• _PROBLEM STATEMENT_: Your task is to reproduce the listing exactly, without its images.

• _SOURCE DATA_:

..............................

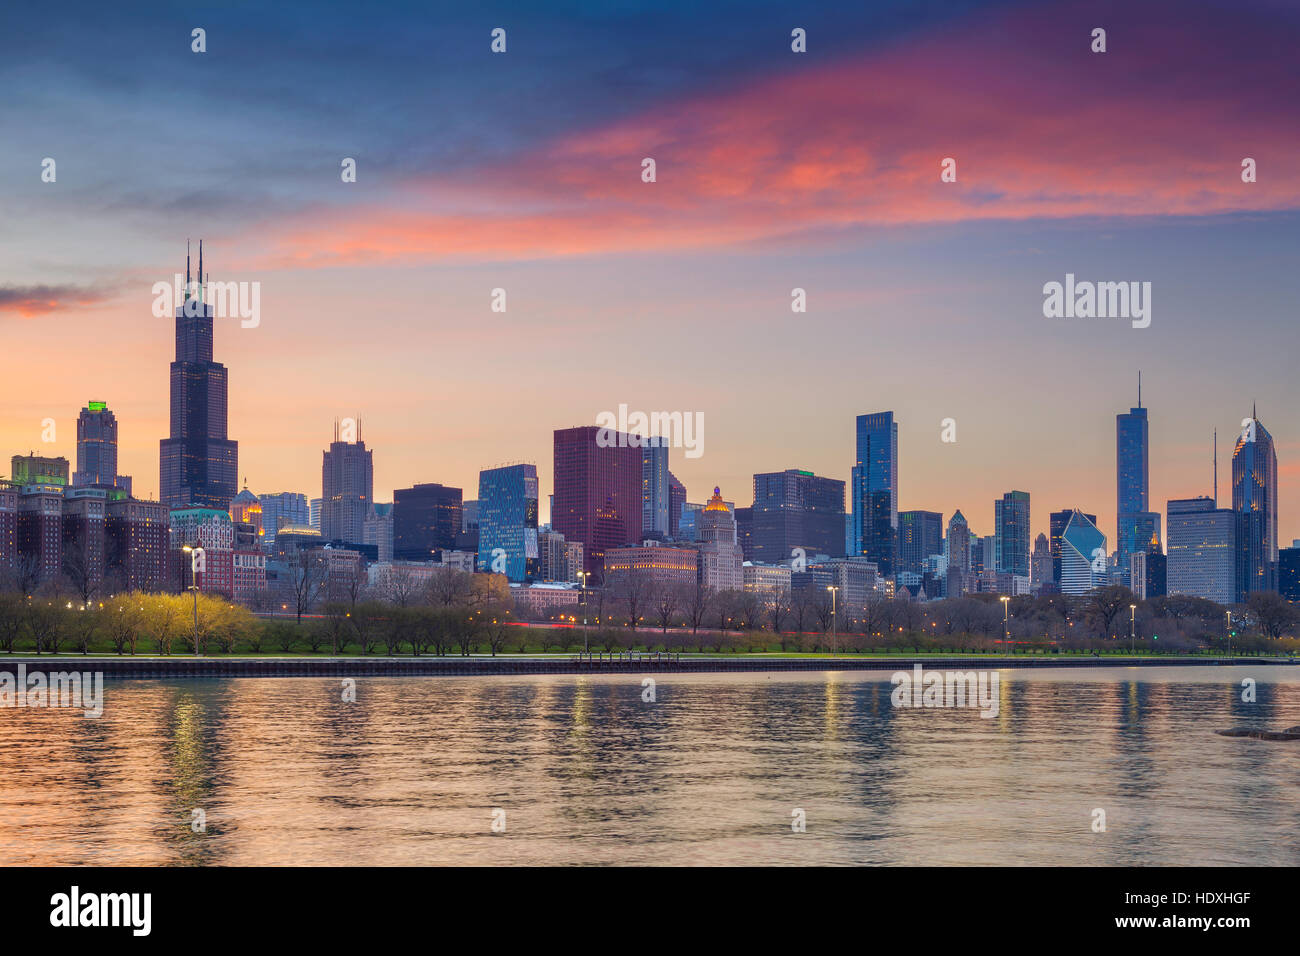 Skyline von Chicago. Stadtbild Bild der Skyline von Chicago während des Sonnenuntergangs. Stockfoto
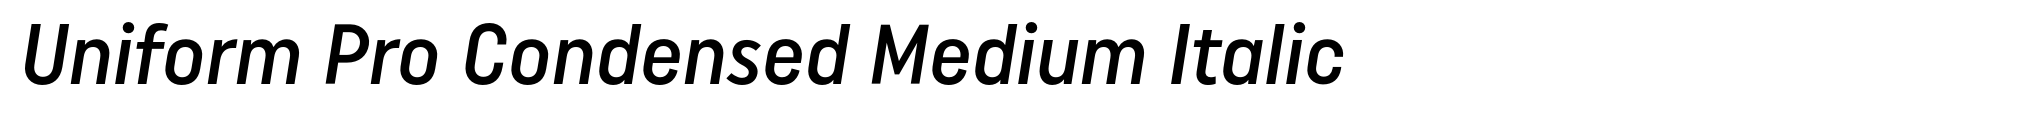 Uniform Pro Condensed Medium Italic image
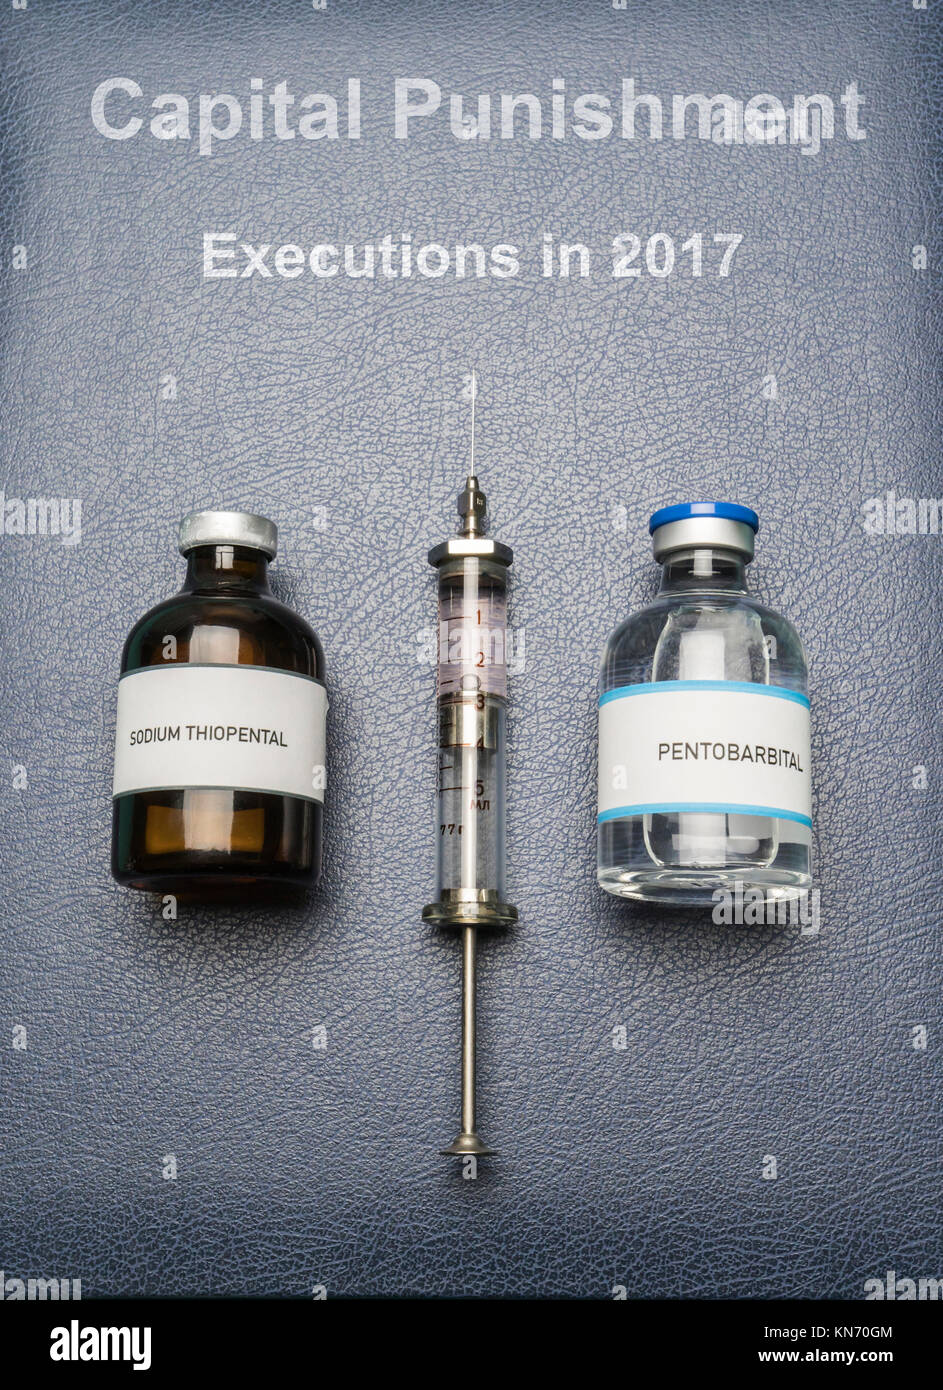 Siringa vintage e farmaci utilizzati nella iniezione letale su un libro di pena capitale esecuzioni nel 2017, composizione digitale, immagine concettuale Foto Stock

..............................

• _EXERCISE SOLUTION_:
 Skyline von Chicago. Stadtbild Bild der Skyline von Chicago während des Sonnenuntergangs. Stockfoto
 Uniform Pro Condensed Medium Italic image
 Siringa vintage e farmaci utilizzati nella iniezione letale su un libro di pena capitale esecuzioni nel 2017, composizione digitale, immagine concettuale Foto Stock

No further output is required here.